→ **THE TASK**:
Everything below from the line with "Door Jamb Issues" through the line with "Former Ukrainian lawmaker" must be retyped exactly, except the pictures.

------ RECORDS FOR THIS TASK

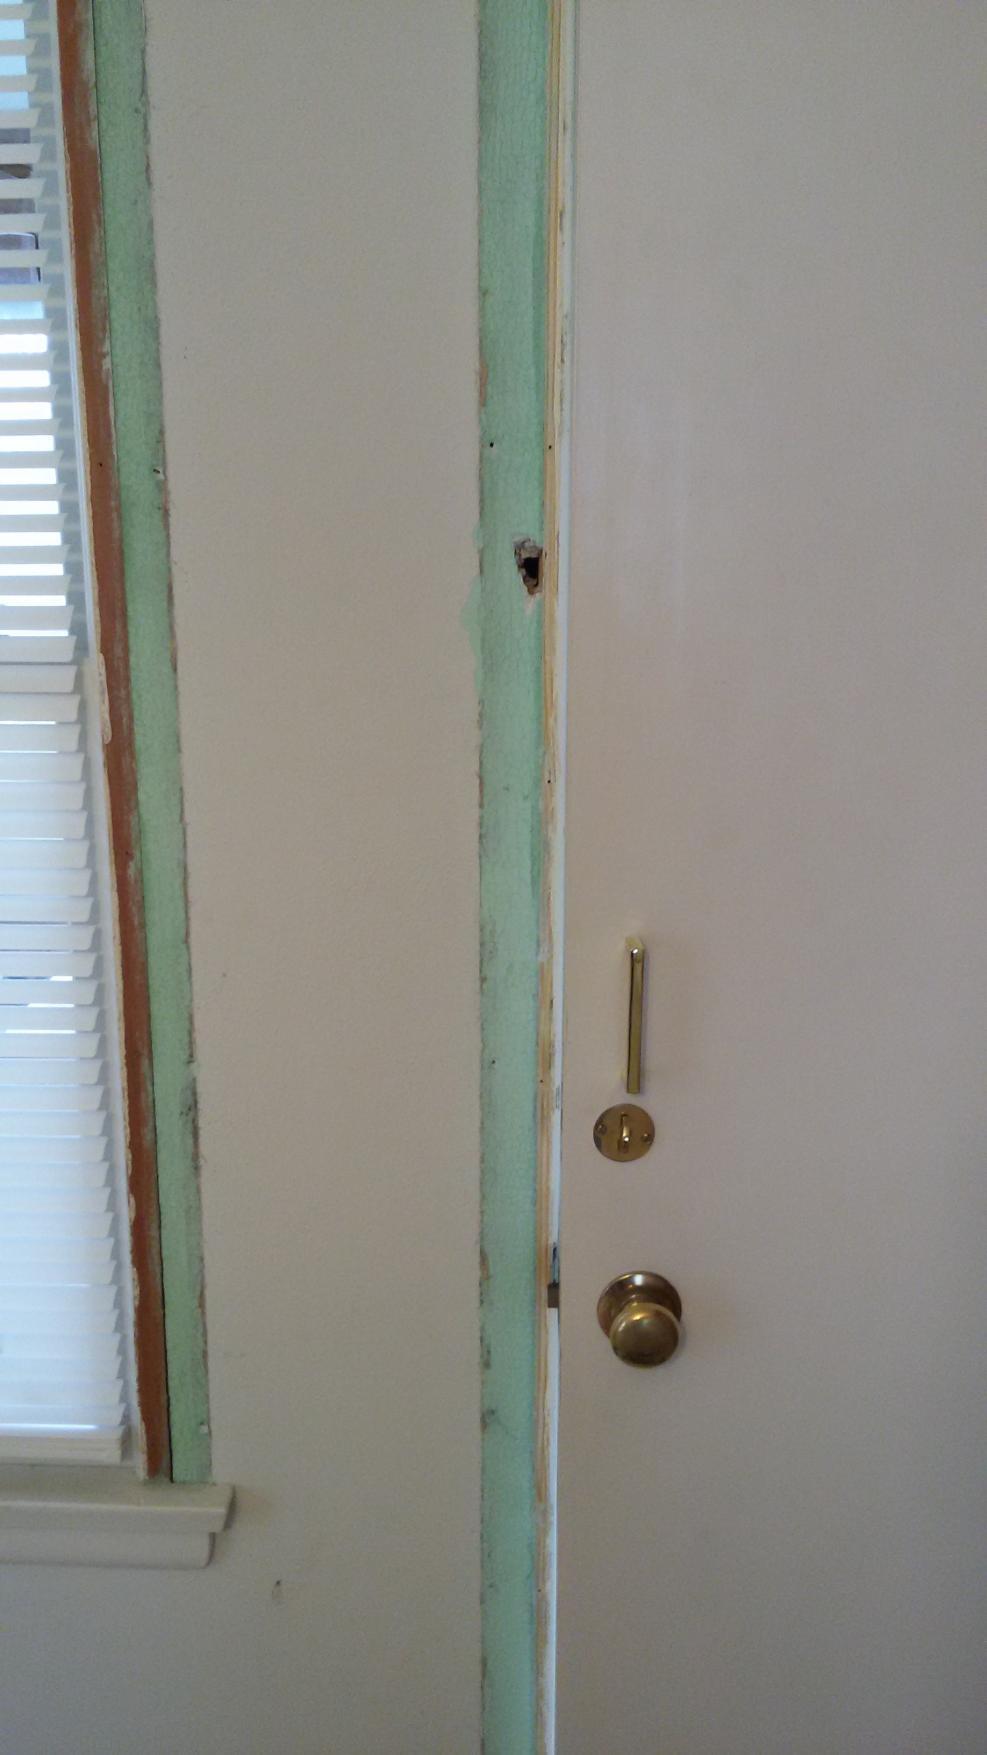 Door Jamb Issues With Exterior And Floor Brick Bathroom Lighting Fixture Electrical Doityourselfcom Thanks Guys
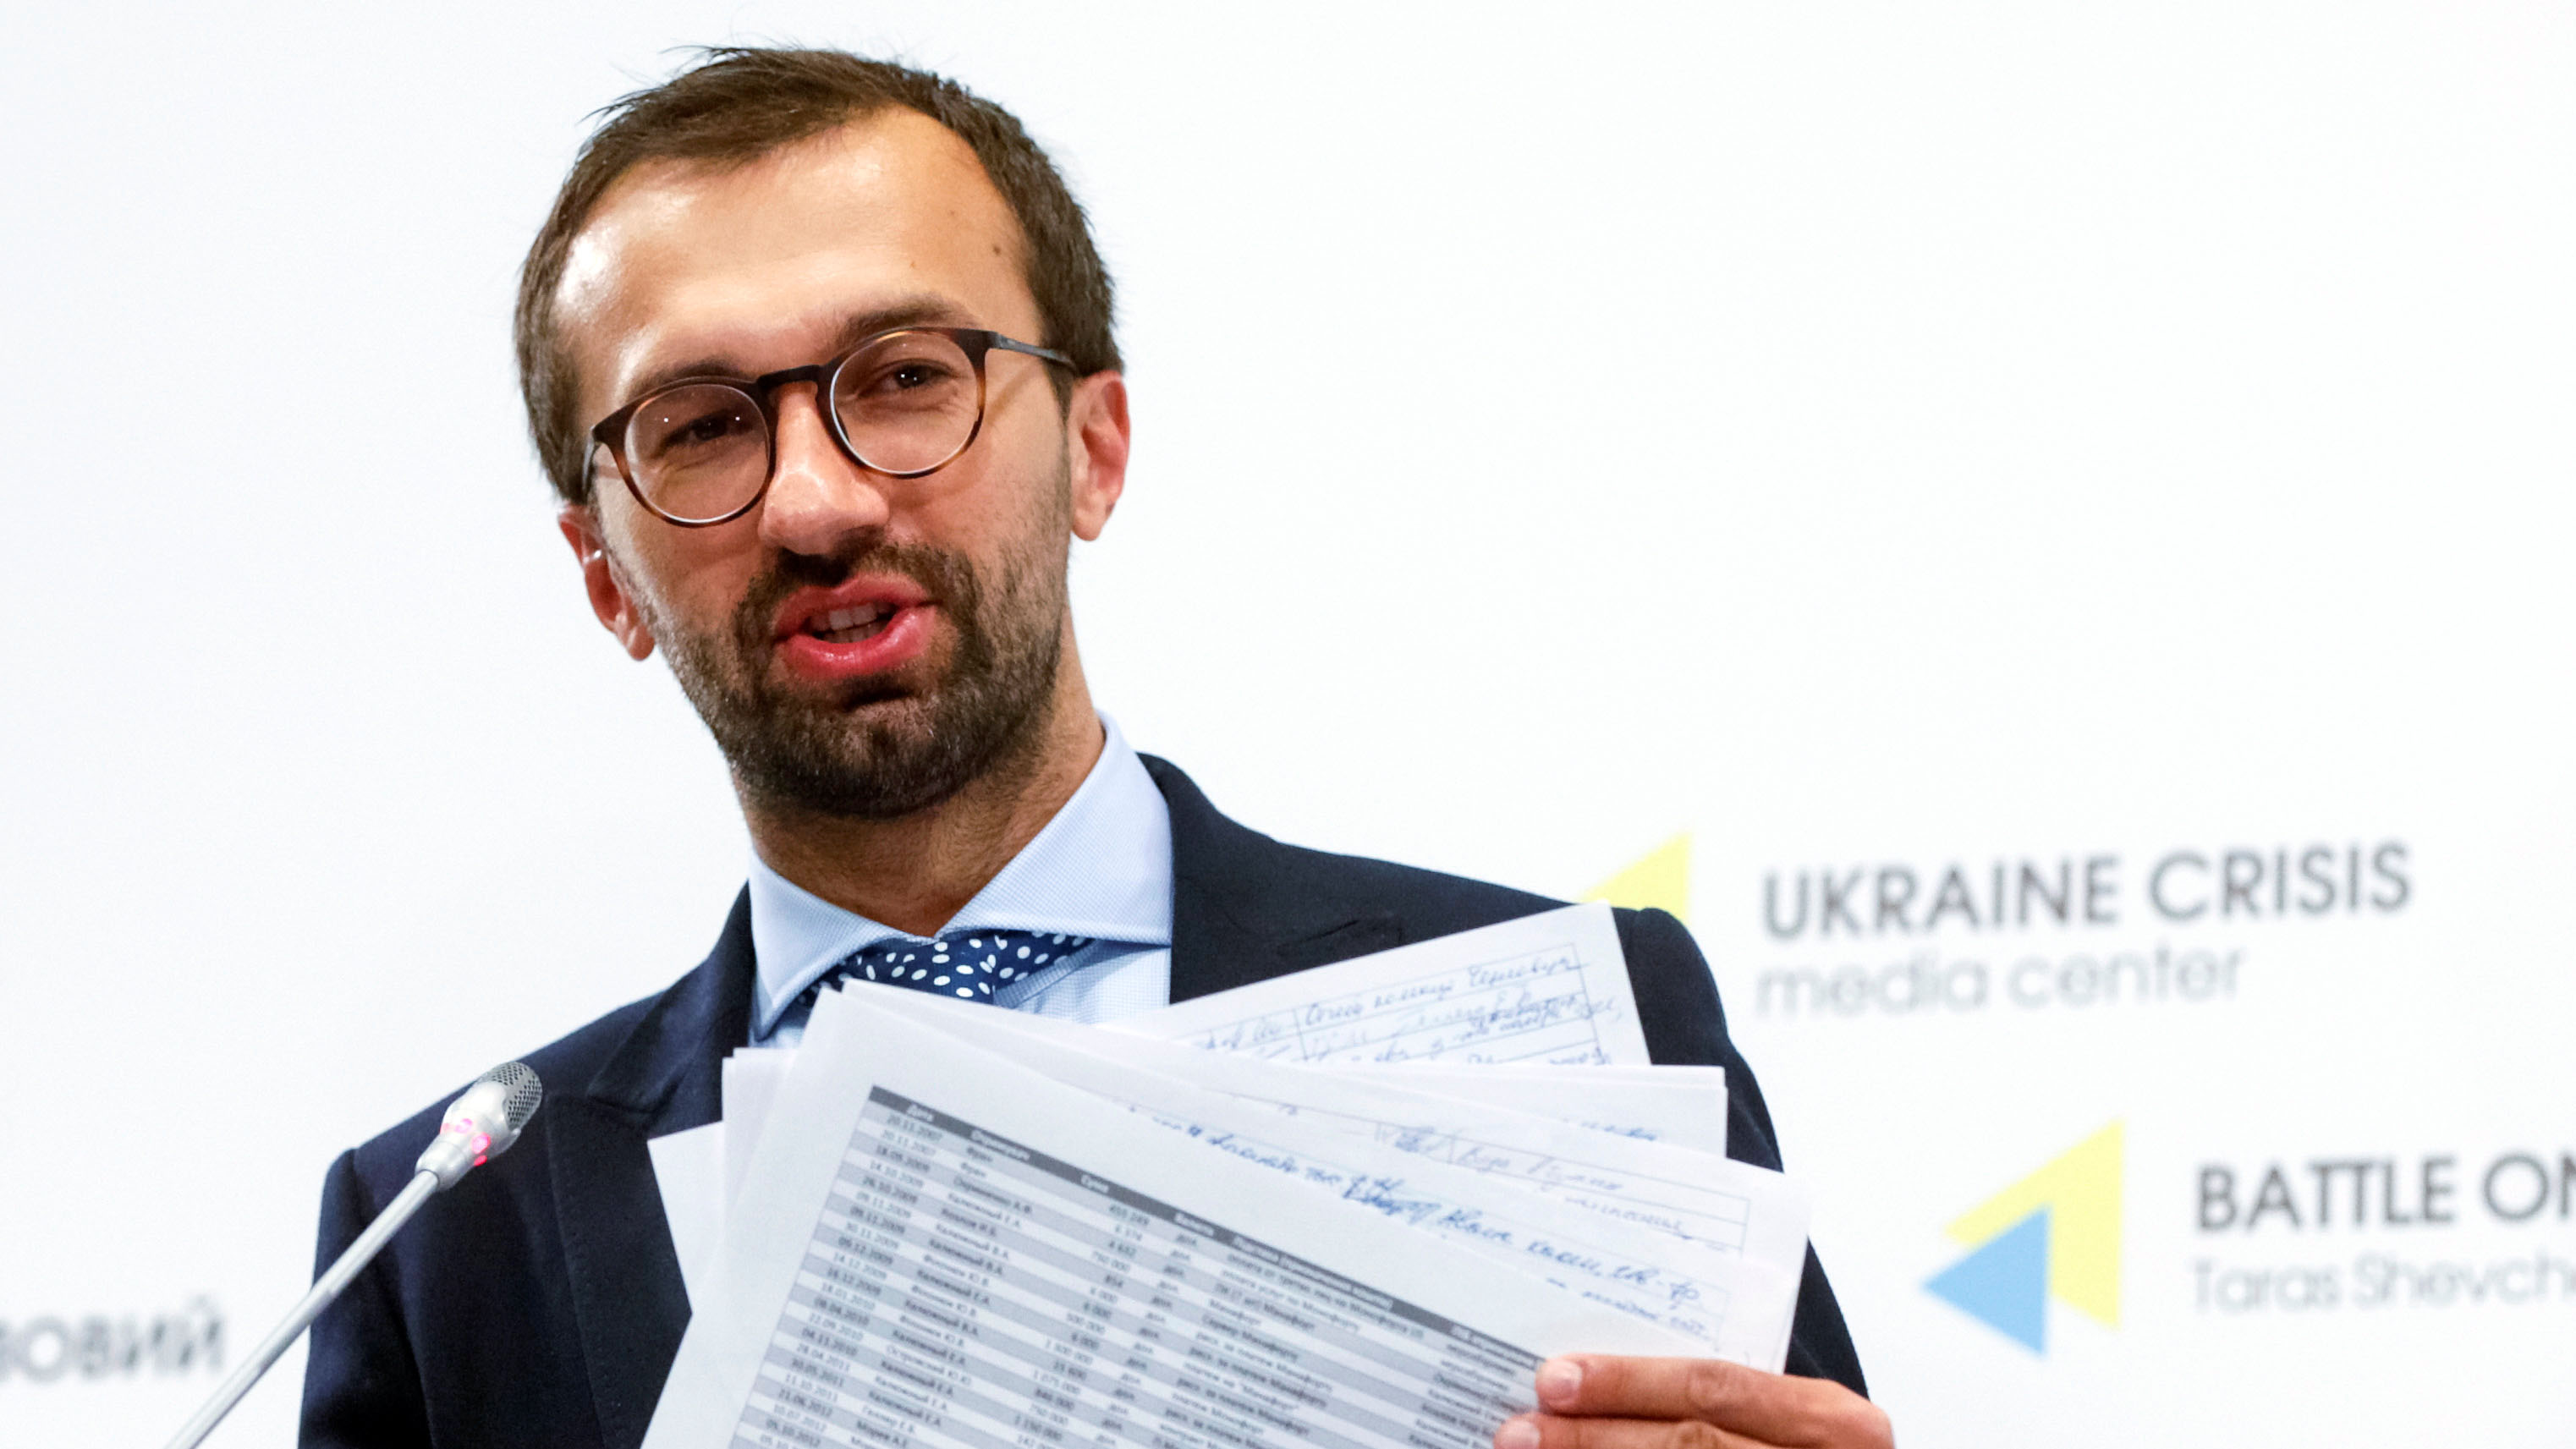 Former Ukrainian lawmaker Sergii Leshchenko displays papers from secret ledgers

------------
------ RECORDS FOR THIS TASK

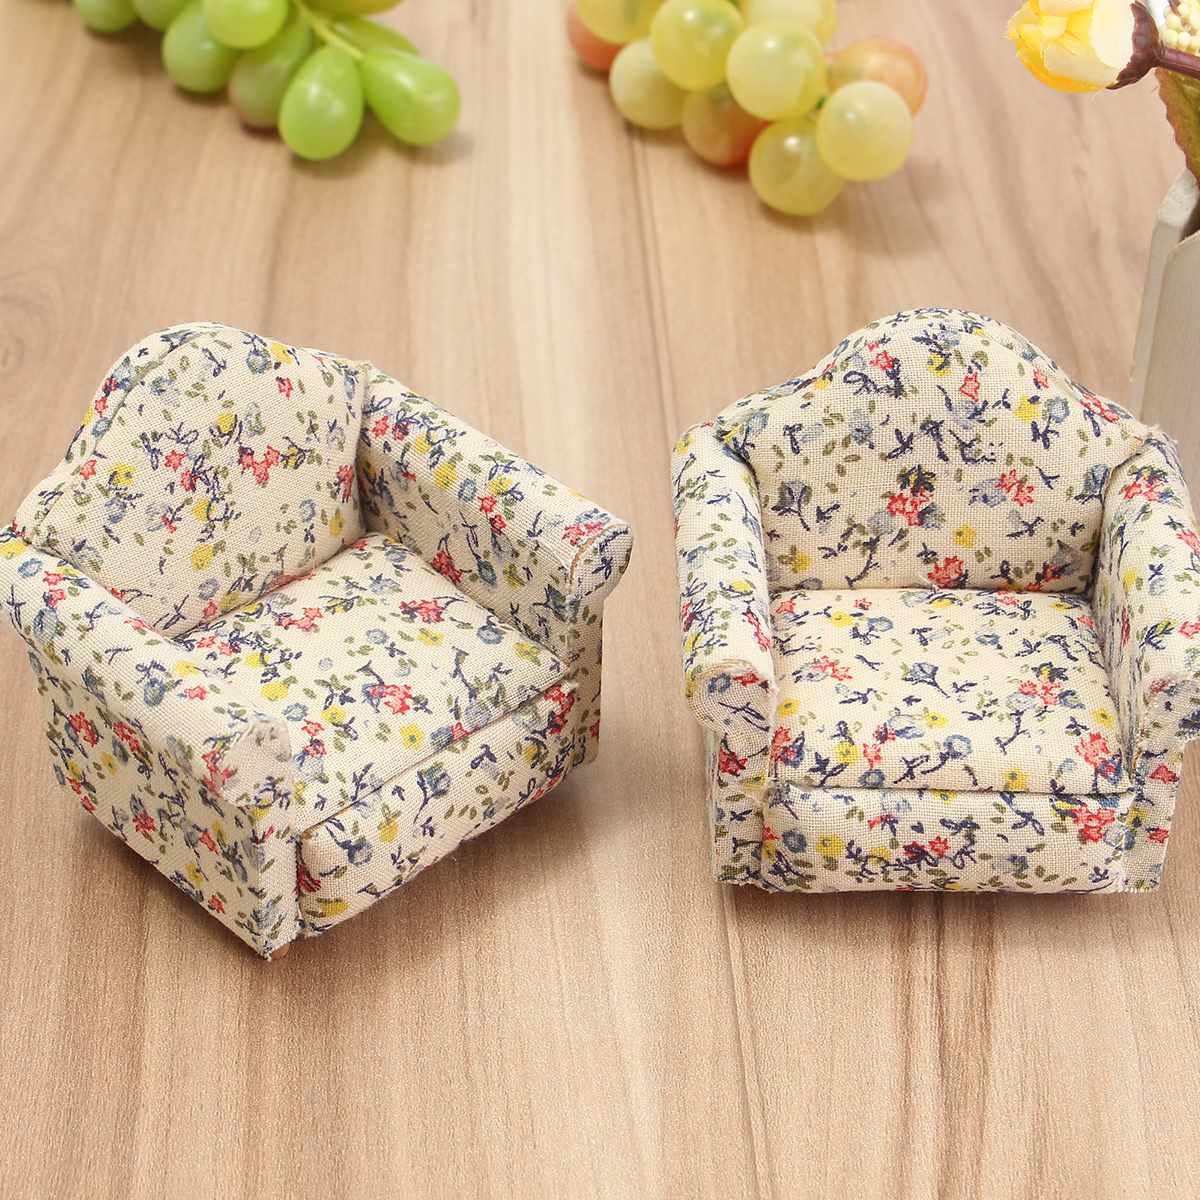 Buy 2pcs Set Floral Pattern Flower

------------

→ **ANSWER TO THIS EXERCISE**:
 Door Jamb Issues With Exterior And Floor Brick Bathroom Lighting Fixture Electrical Doityourselfcom Thanks Guys
 Former Ukrainian lawmaker Sergii Leshchenko displays papers from secret ledgers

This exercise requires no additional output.